Dear folks
Hello
I have a data set which one of the column of this data set are string and I want to extract numbers which is between two ":". However, I know the substr command which will do this operation but my problem is the numbers between two ":" have different digits. this will make my extraction difficult. I will put a part of my data set for better understanding.
Thank you kenshinhimura for your suggestion. Because this column in the data set is the tenth column of my data set. Could you please tell me how could I specify the number of column in this command?
I want to extract the red numbers from the string column I have. when I run your suggestion command it remove the red numbers which are between two colon.I just want to keep those numbers.
---------- Post updated at 04:33 PM ---------- Previous update was at 04:29 PM ----------
Dear Don Cragun
I have 300 files which I used this command below to extract column 1, 2, 4, 5, and the first three number of the 10 column of my data set.

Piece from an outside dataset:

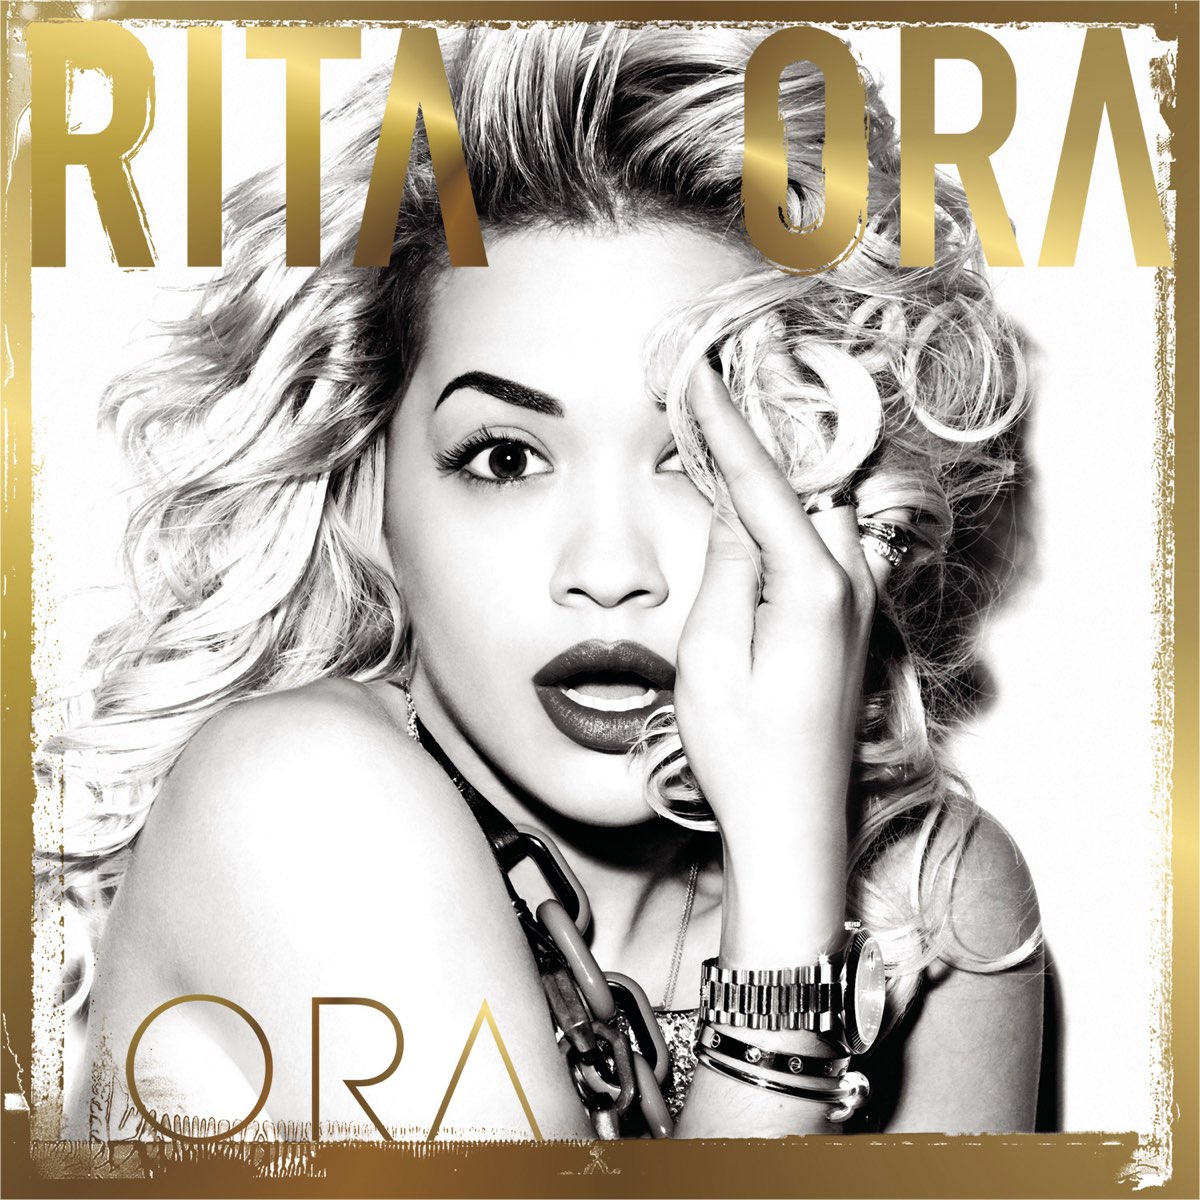 ‎ORA (Deluxe) - Album by Rita Ora - Apple Music

for file in *.work; do awk '{print $1,$2,$4,$5,substr($10,1,1),substr($10,3,1)}' $file > "$(basename "$file" .work).info"; done
My problem is that the number which are in the middle of the sting column tenth have different digit numbers.
This my one row of my raw data set with 10 column:
gi|358485511|ref|NC_006088.3| 699545 . A G 122.03 PASS AC=2;AF=1.00;AN=2;DP=6;Dels=0.00;FS=0.000;HaplotypeScore=0.0000;MLEAC=2;MLEAF=1.00;MQ=56.04;MQ0=0;QD=20.34 GT:AD:PP:GQ:PL 1/1:0,6:8:12:150,12,0
My desire output is:
gi|358485511|ref|NC_006088.3| 699545 A G 1 1 8
To reminding, I have 300 file with a same data set structure.